— Exercise —
For the data below, retype word for word the lines from the one containing "Montana Kaimin, April" through the one containing "Xiaomi Redmi 3"; drop the pictures.

— Data extracts —
----

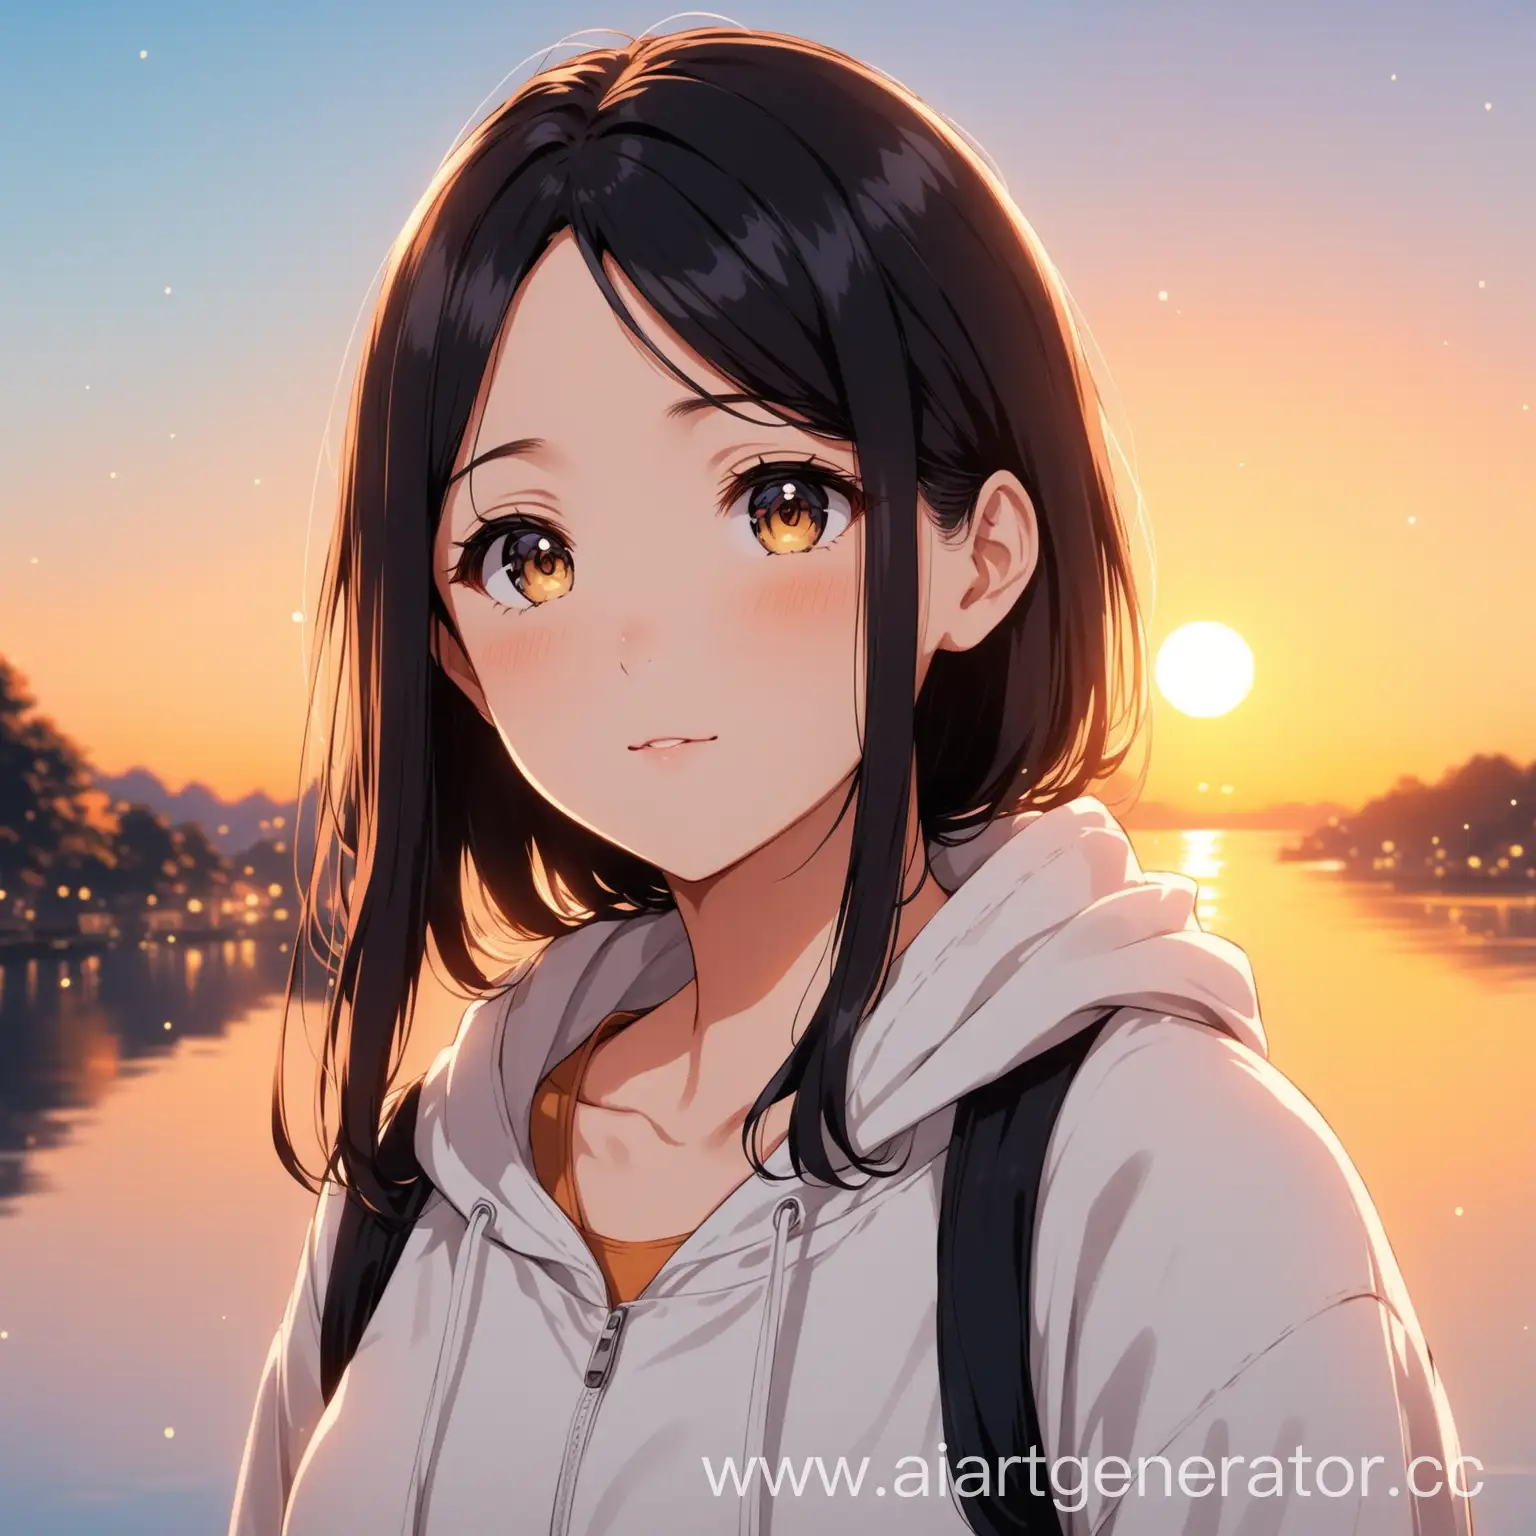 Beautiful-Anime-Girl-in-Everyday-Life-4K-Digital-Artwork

----

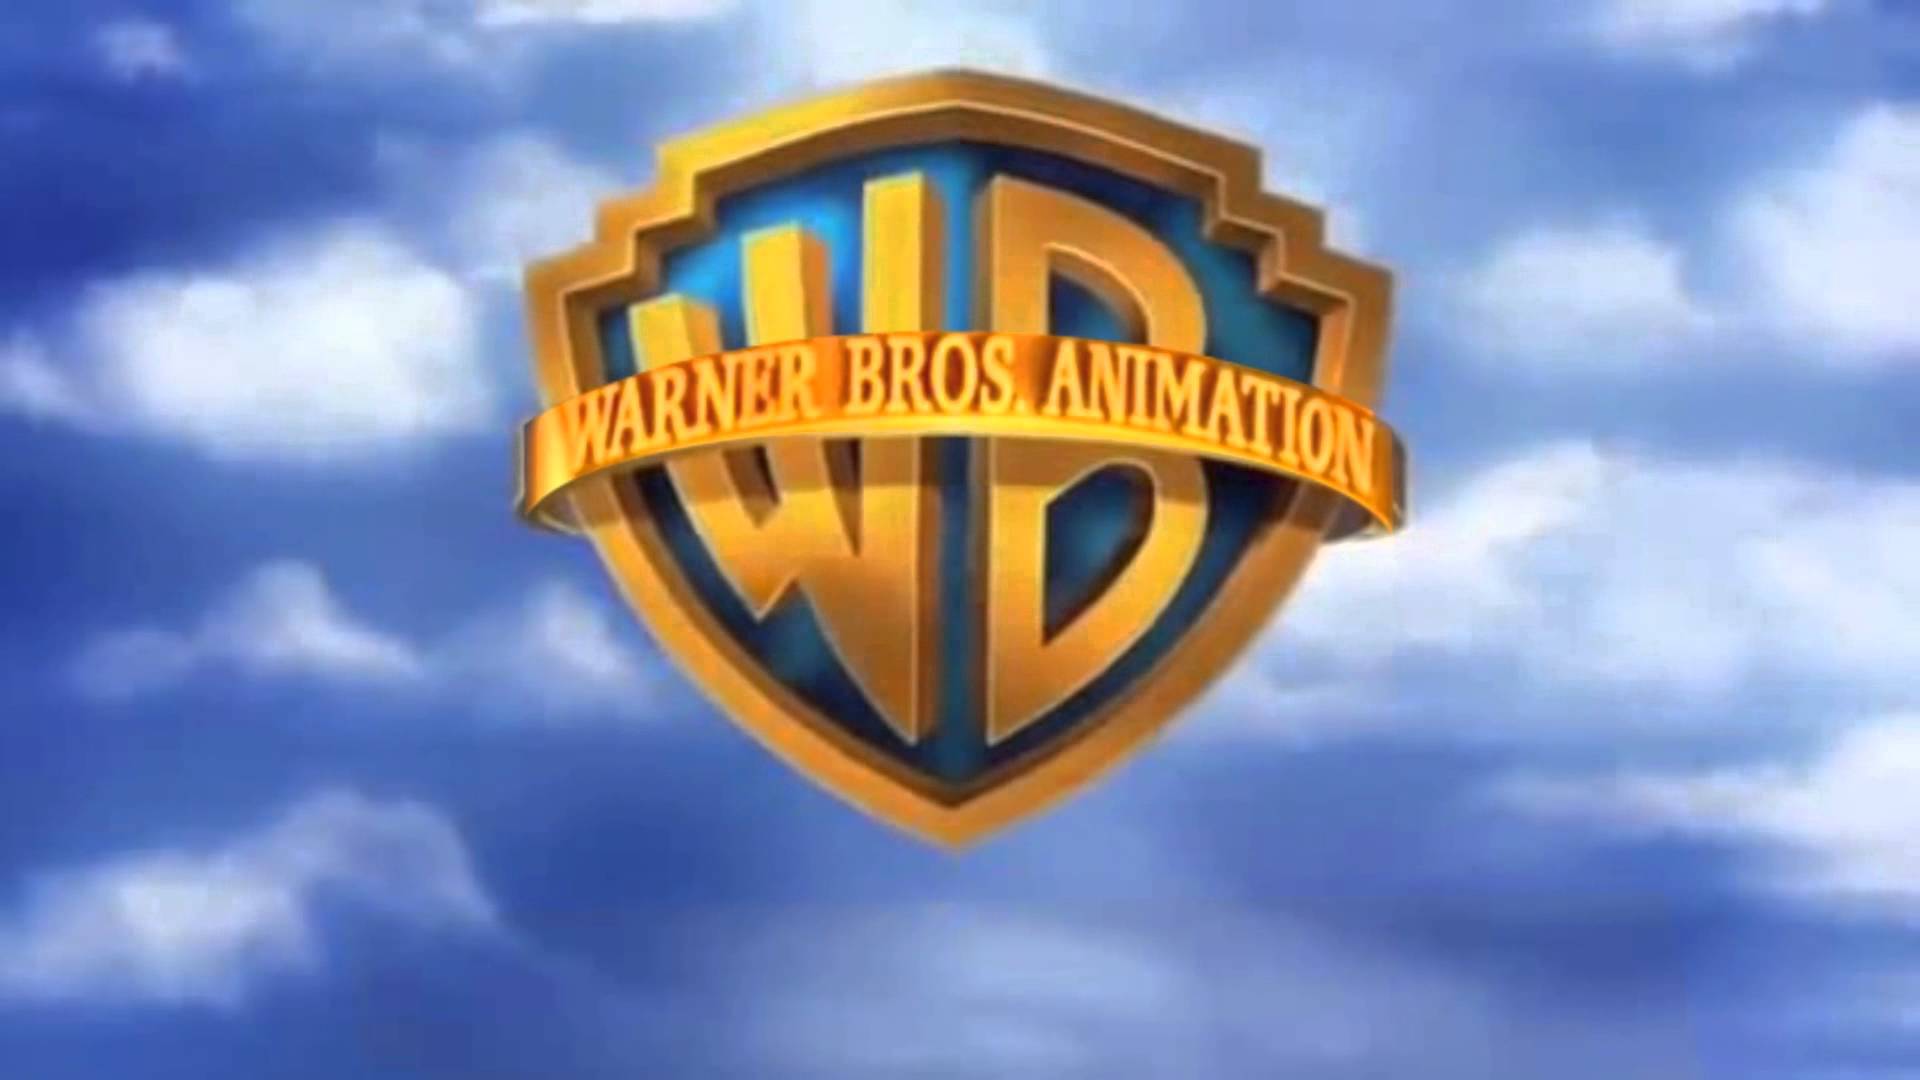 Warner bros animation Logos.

----

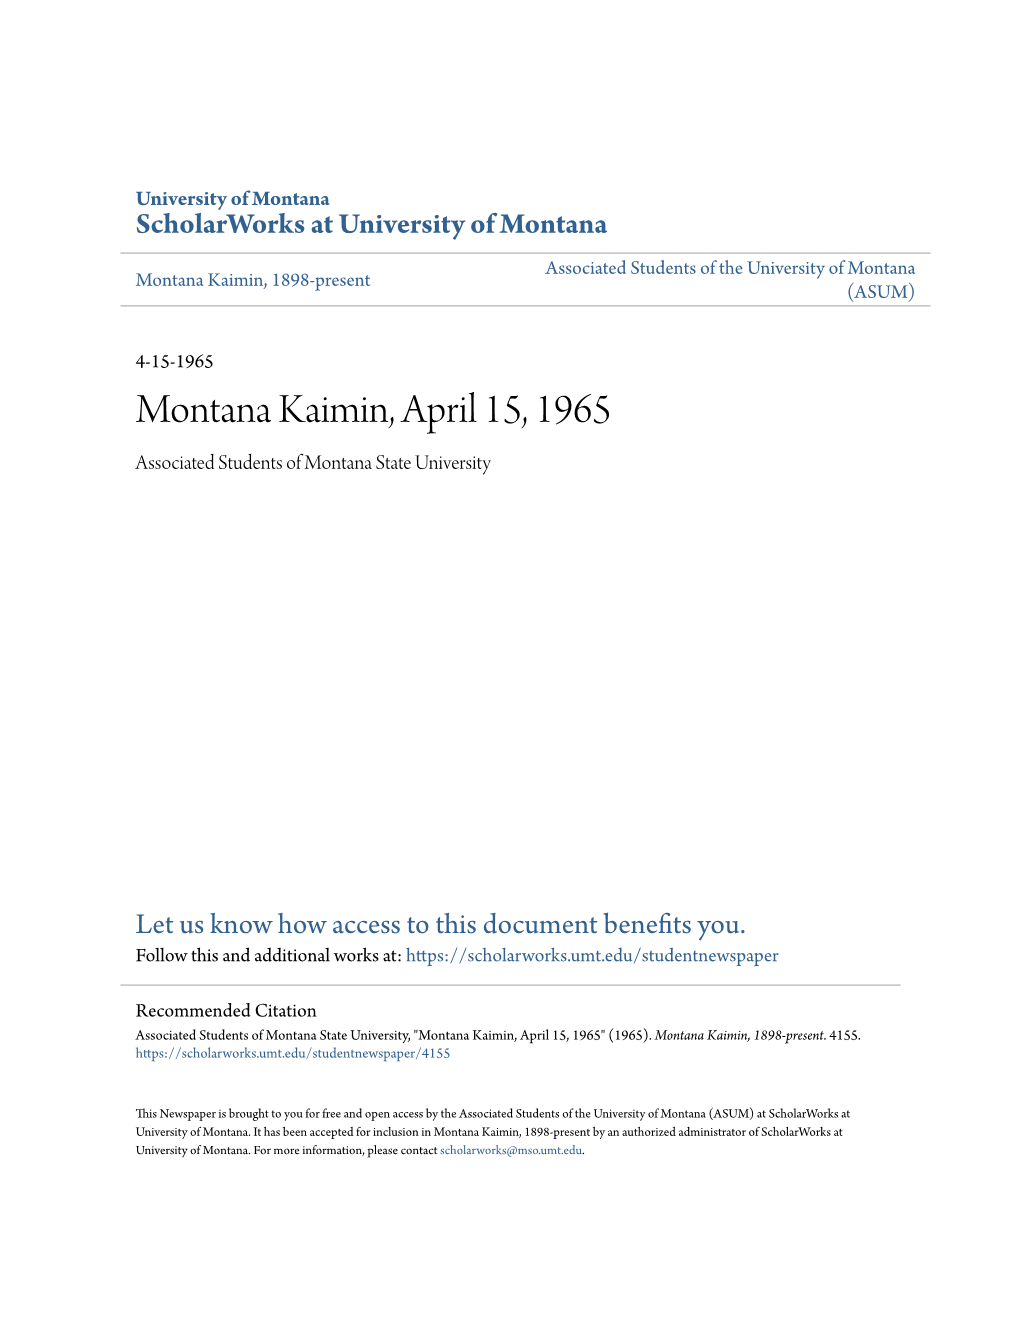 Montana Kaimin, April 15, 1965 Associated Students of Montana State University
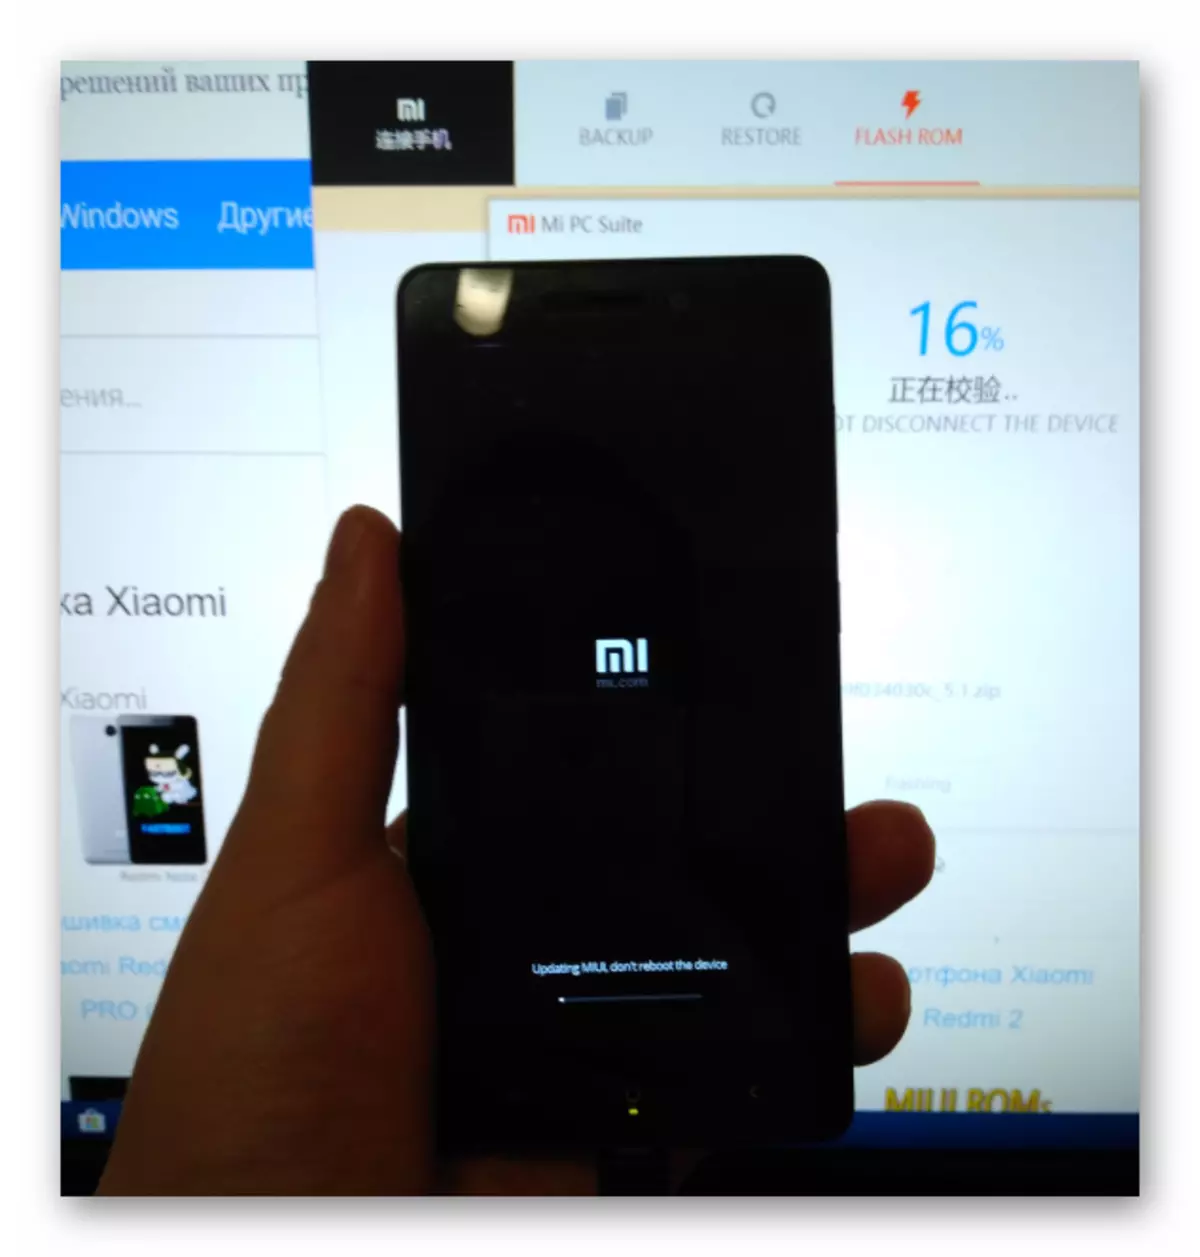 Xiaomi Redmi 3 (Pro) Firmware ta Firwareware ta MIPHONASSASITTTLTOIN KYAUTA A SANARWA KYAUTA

----

— Response —
 Montana Kaimin, April 15, 1965 Associated Students of Montana State University
 Xiaomi Redmi 3 (Pro) Firmware ta Firwareware ta MIPHONASSASITTTLTOIN KYAUTA A SANARWA KYAUTA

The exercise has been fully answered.